=== Material provided ===

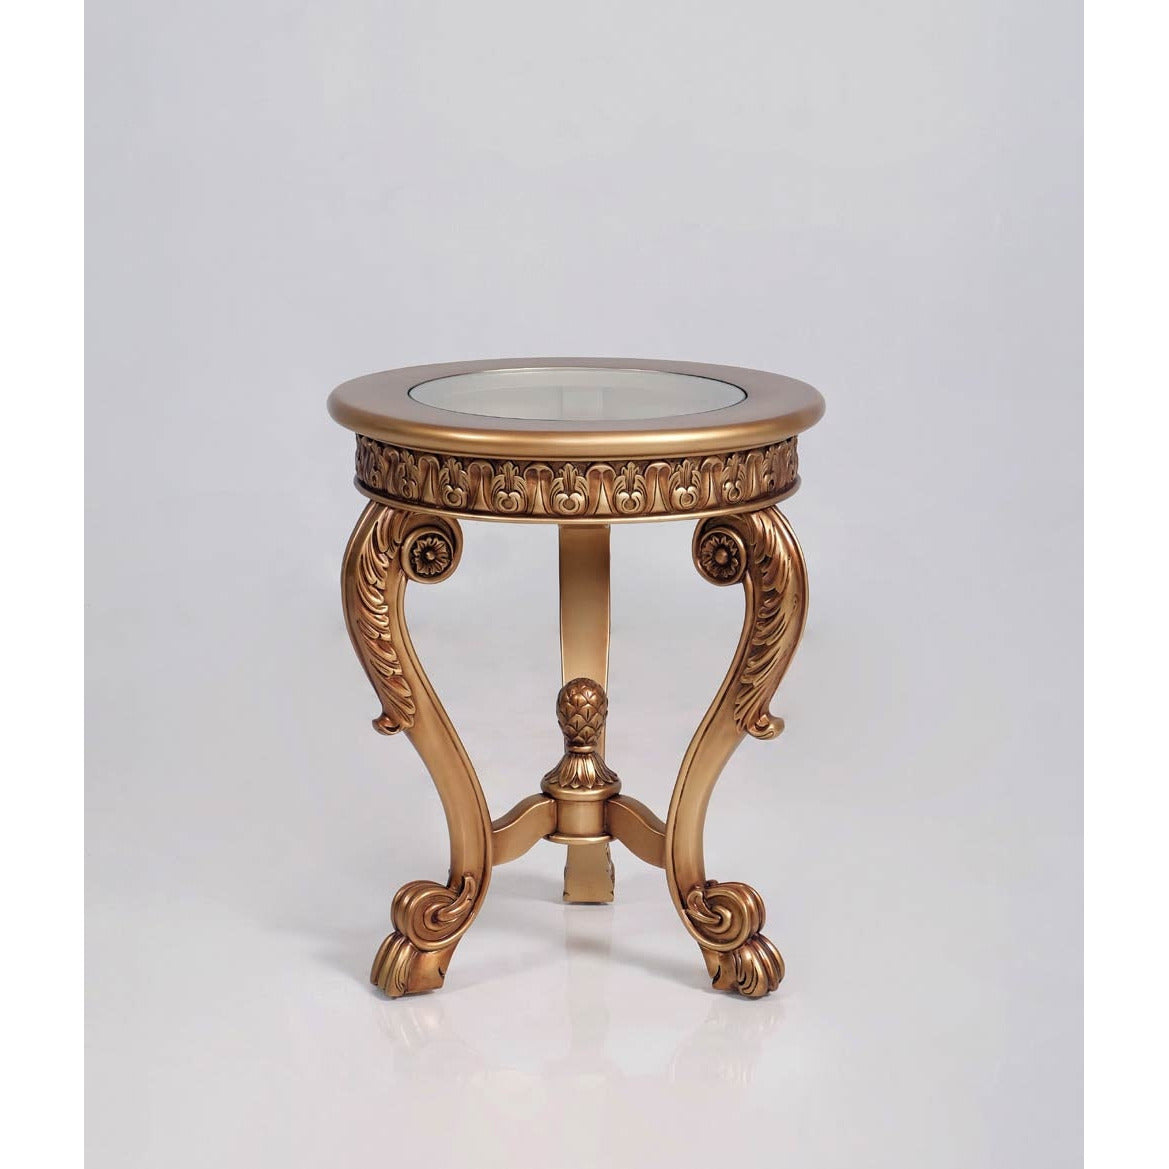 European Furniture - Carlotta Luxury End Table in Golden Bronze - 41951-ET - New Star Living
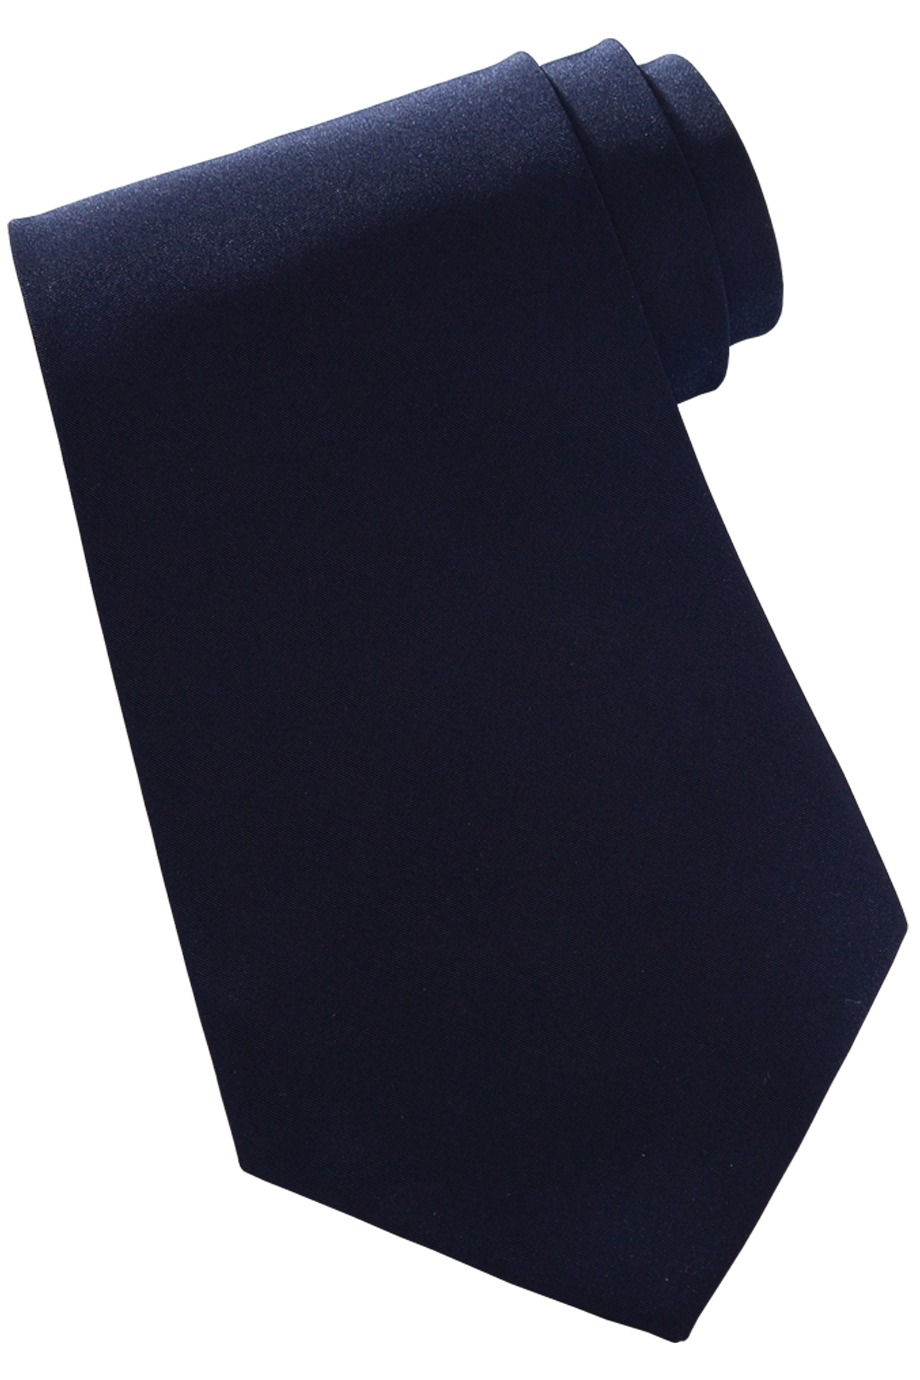 Edwards Garment SD00 - Solid Tie
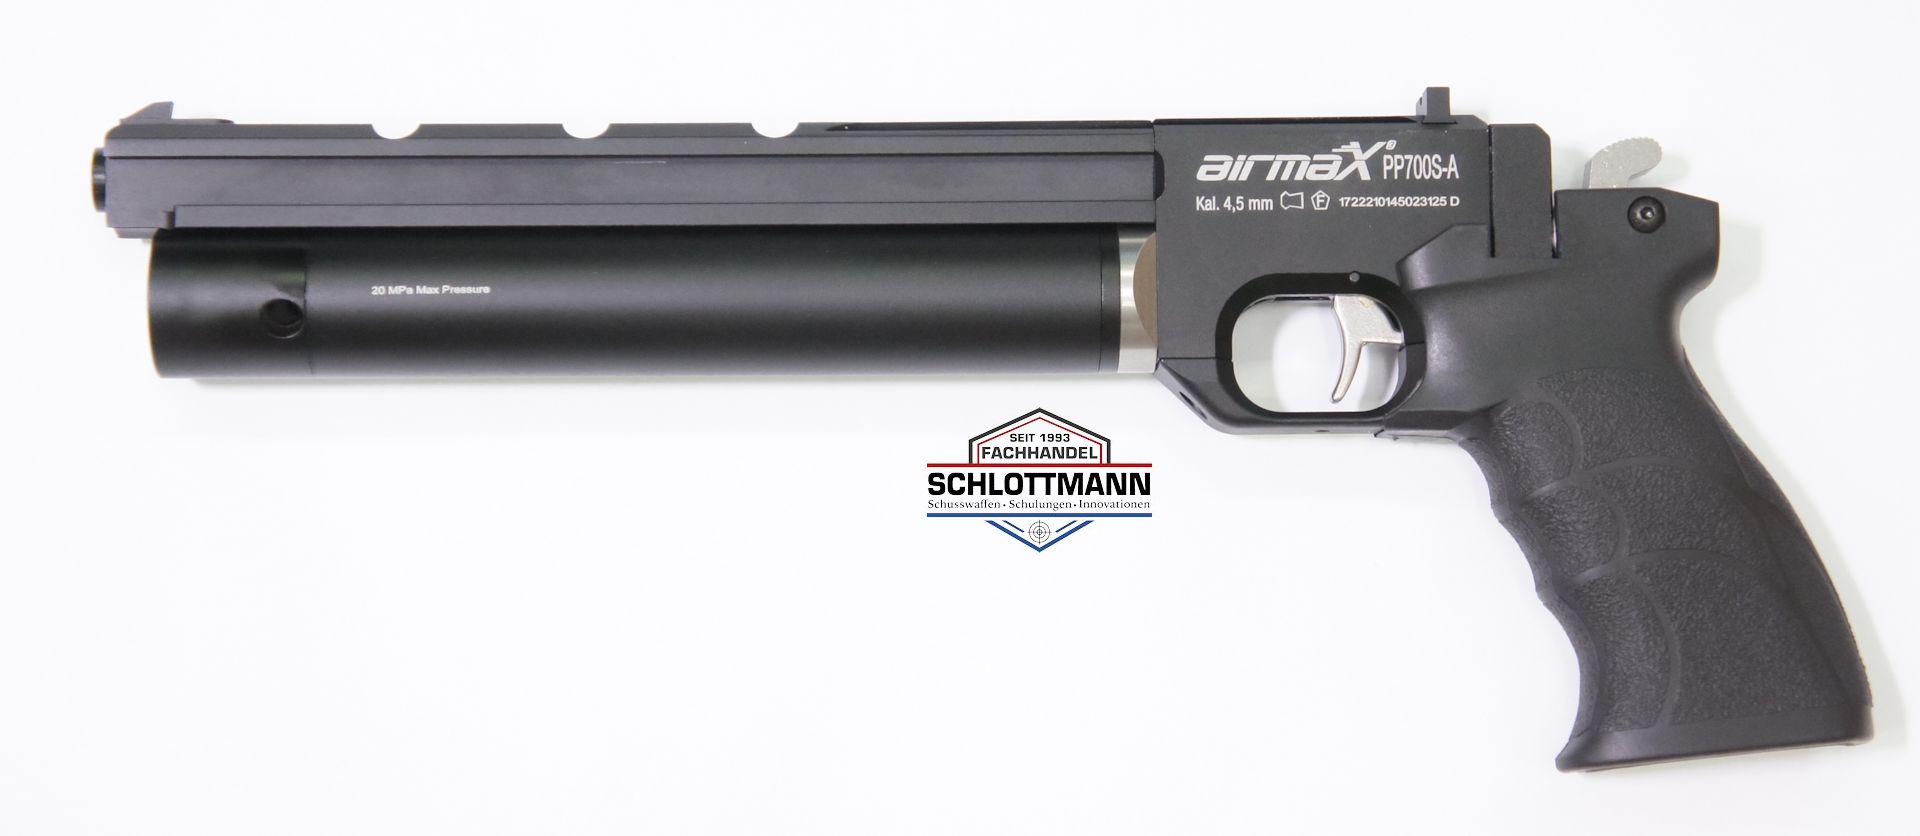 Pressluftpistole airmaX PP700S-A, Kaliber 4,5mm mit beschädigter Umverpackung

===

Exercise requirements:
I would like the data above transcribed exactly, with its pictures left out.

Exercise result:
 European Furniture - Carlotta Luxury End Table in Golden Bronze - 41951-ET - New Star Living
 Edwards Garment SD00 - Solid Tie
 Pressluftpistole airmaX PP700S-A, Kaliber 4,5mm mit beschädigter Umverpackung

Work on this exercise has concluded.